**AIM OF THE EXERCISE:**
Skip the pictures. Quote every line below, exactly, from the one with "An exterior side" through the final line.

**RECORDED INFORMATION:**

****************

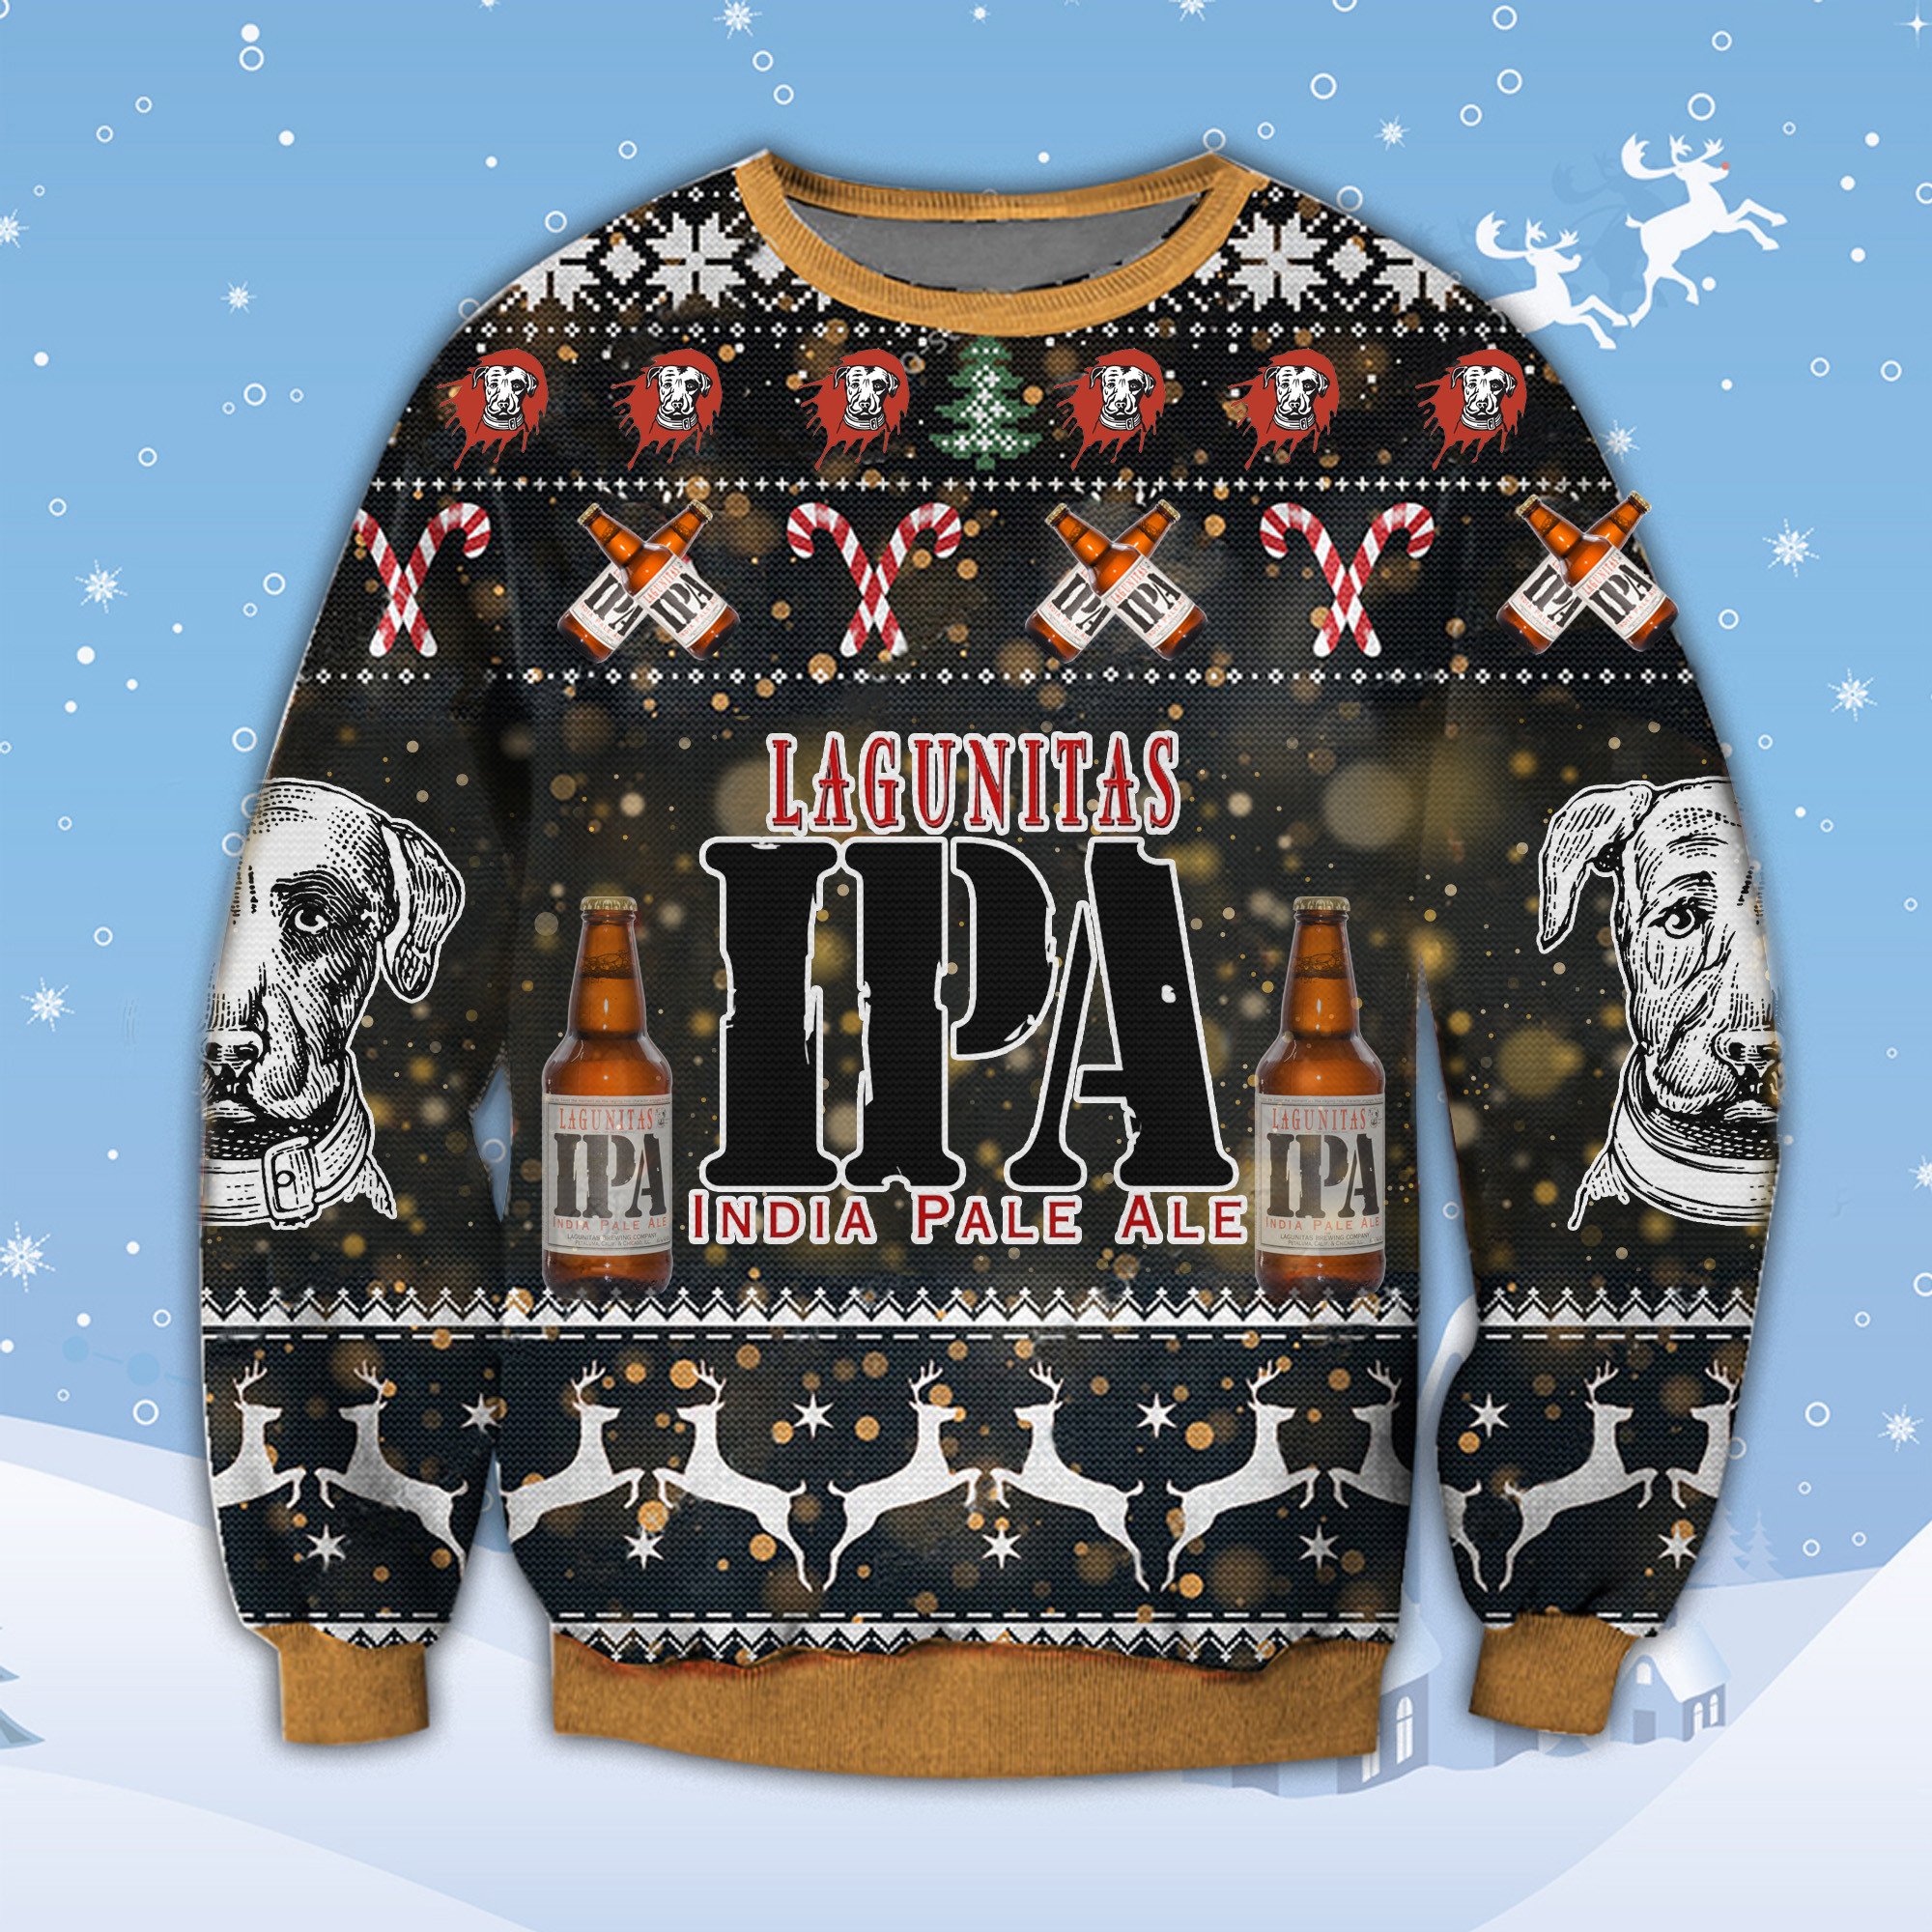 NEW Lagunitas India Pale Ale ugly Christmas sweater 6
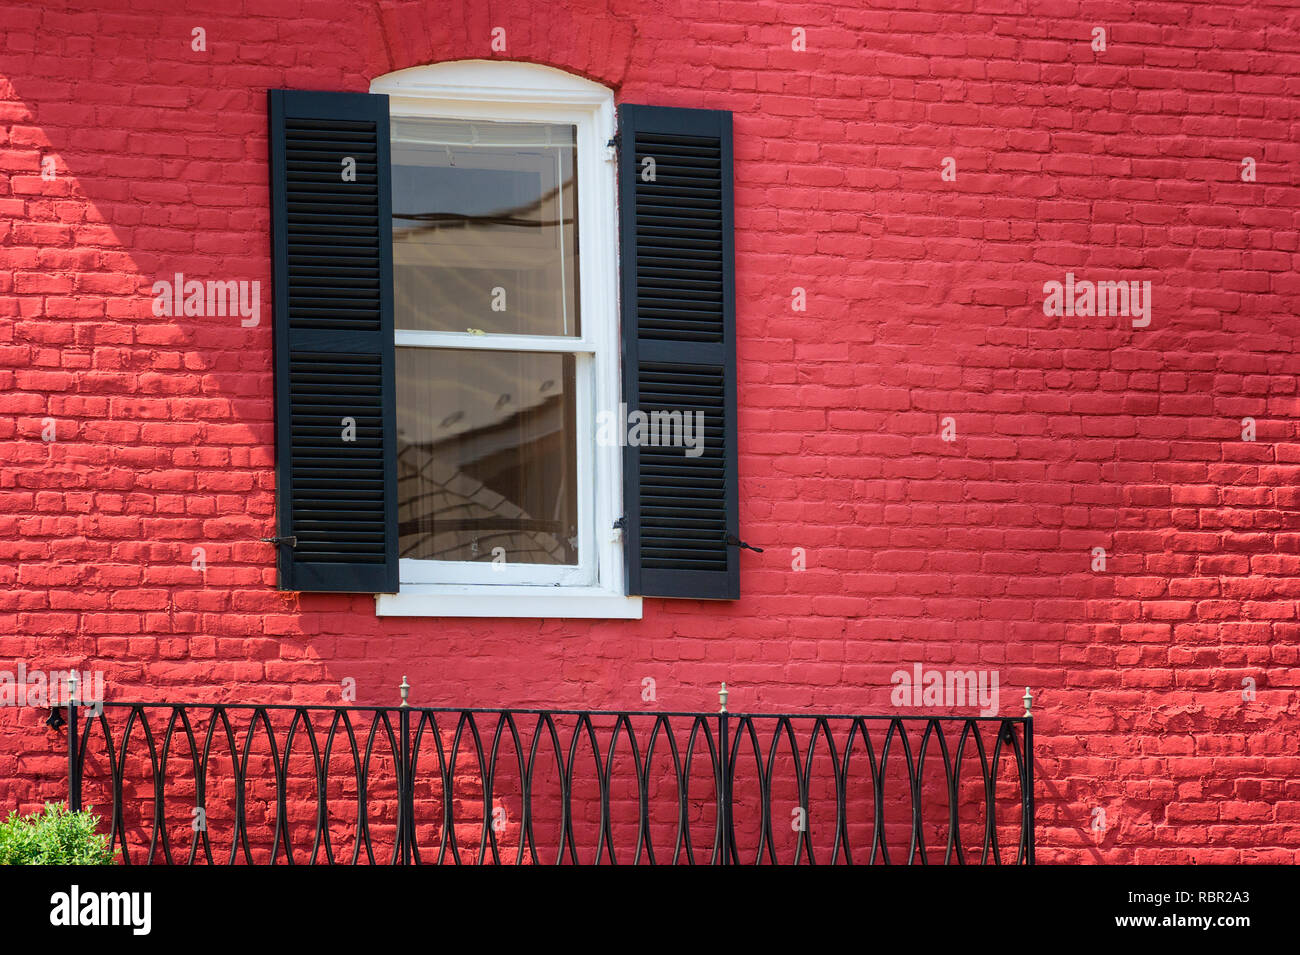 An exterior side of a red brick building with an iron railing, window framed with black shutters Stock Photo
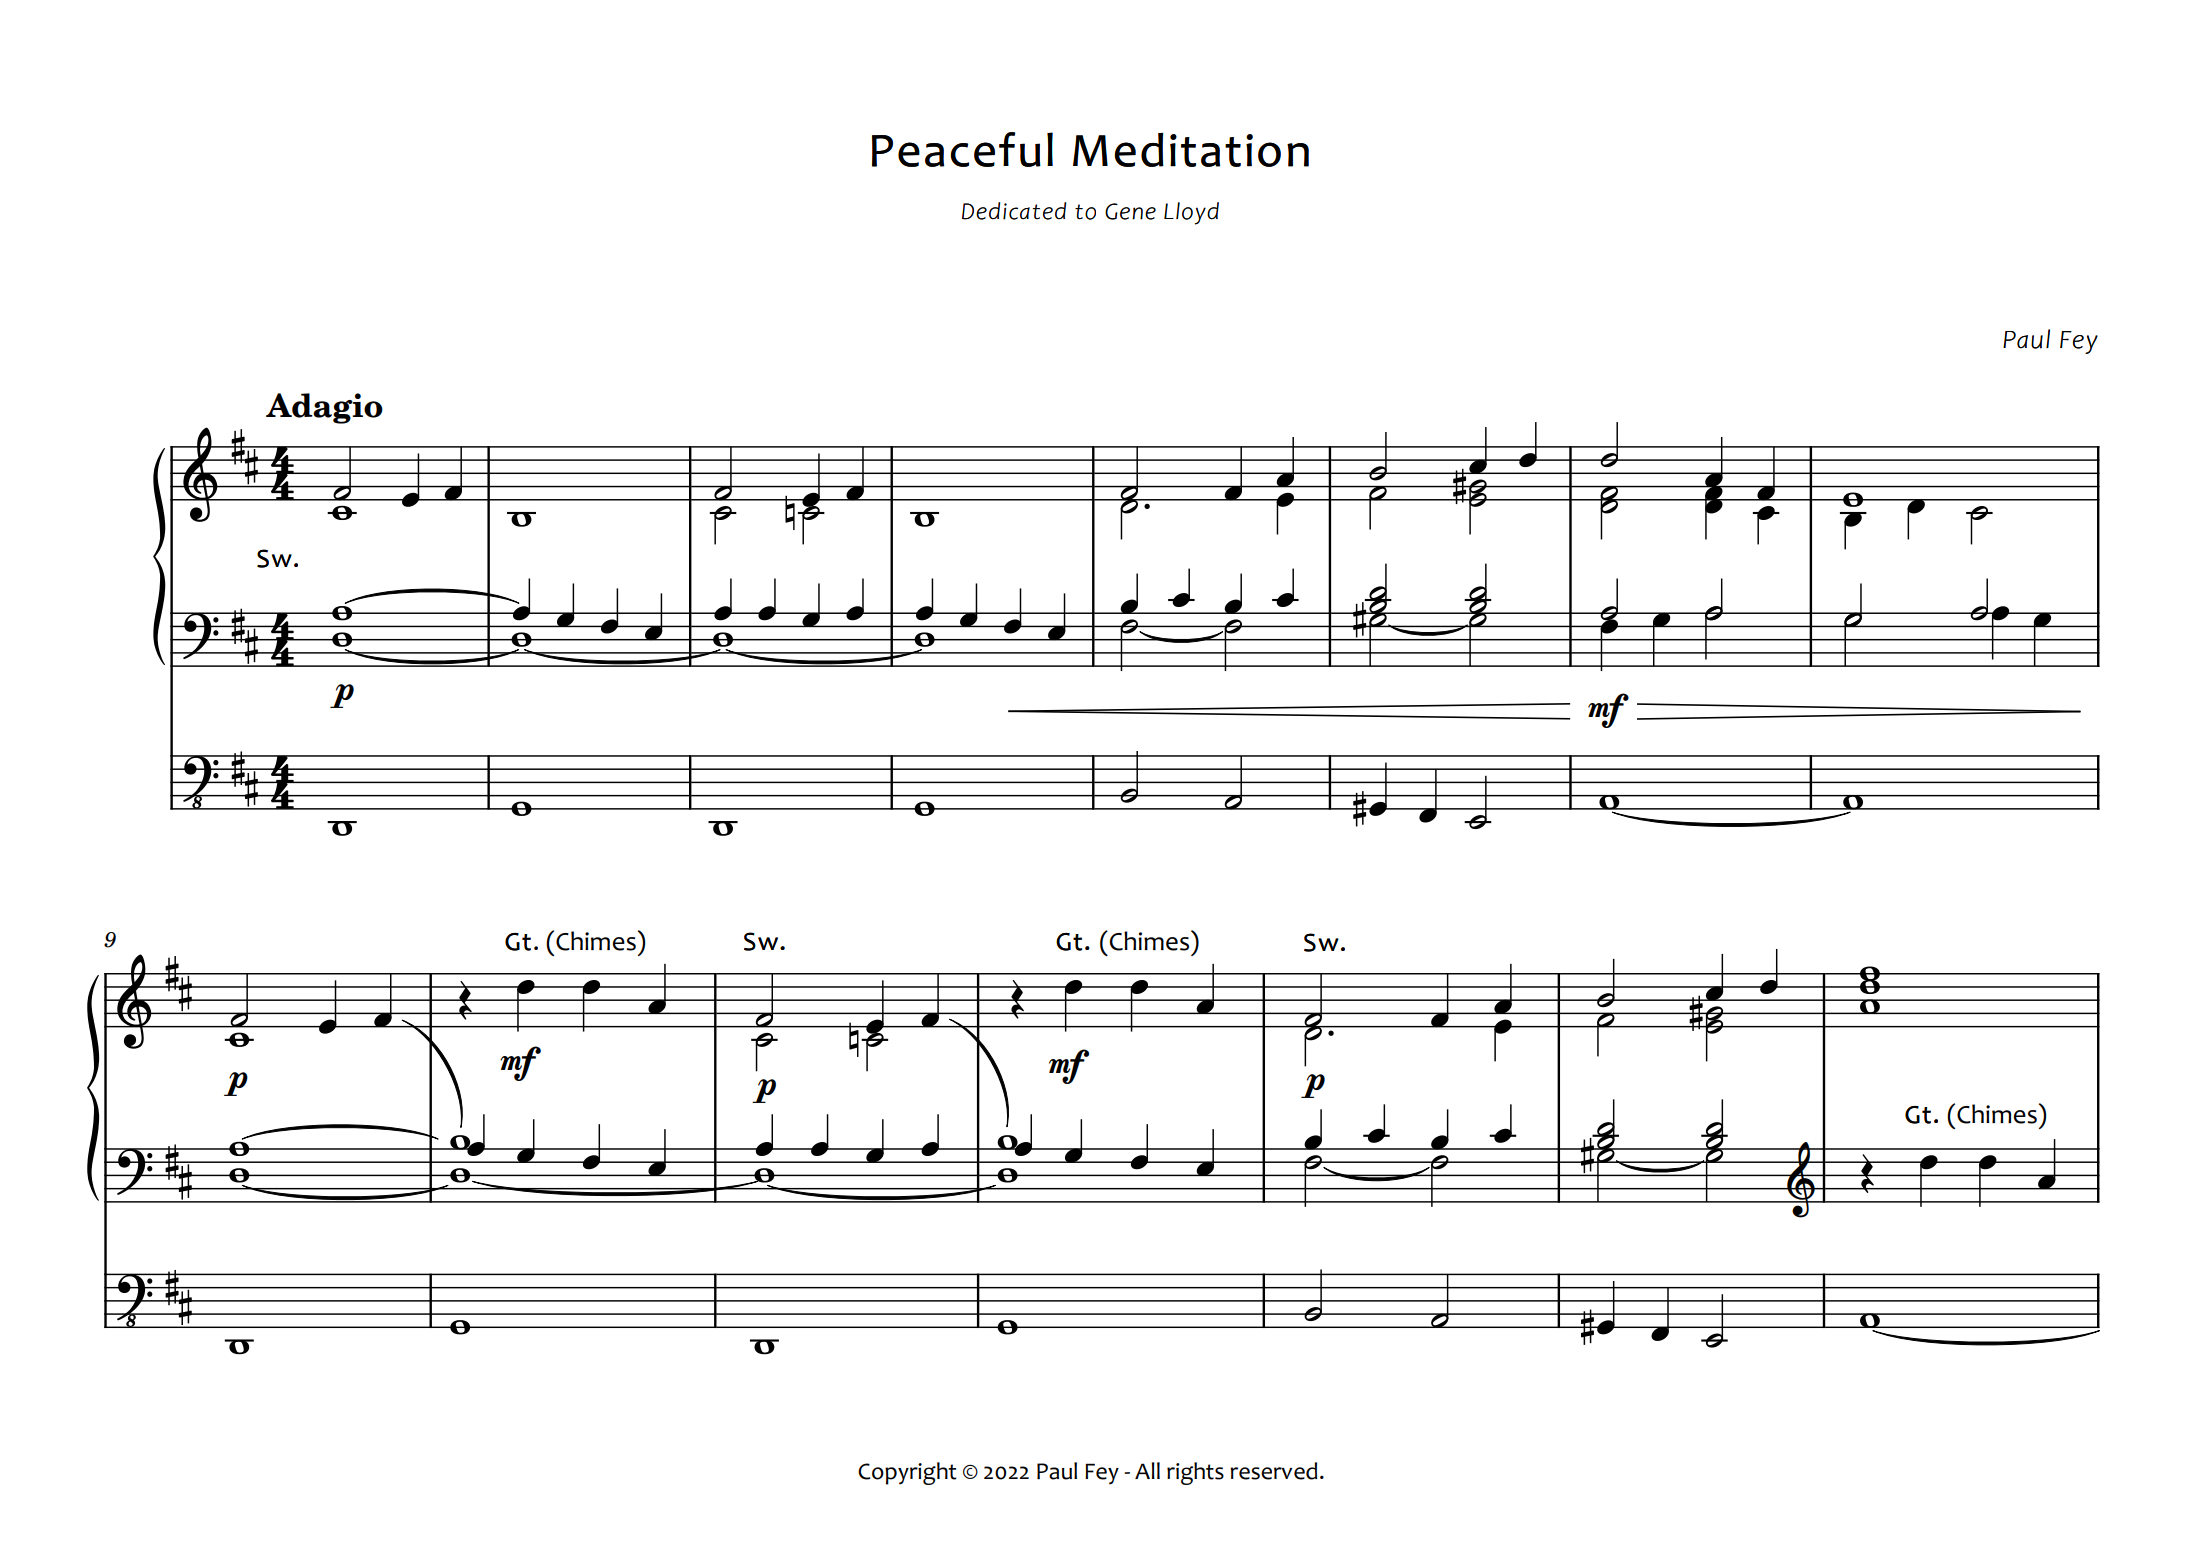 Peaceful Meditation" for Organ (Sheet Music) - Music for Pipe Organ by Paul Fey

****************

**WRITTEN RESPONSE:**
 An exterior side of a red brick building with an iron railing, window framed with black shutters Stock Photo
 Peaceful Meditation" for Organ (Sheet Music) - Music for Pipe Organ by Paul Fey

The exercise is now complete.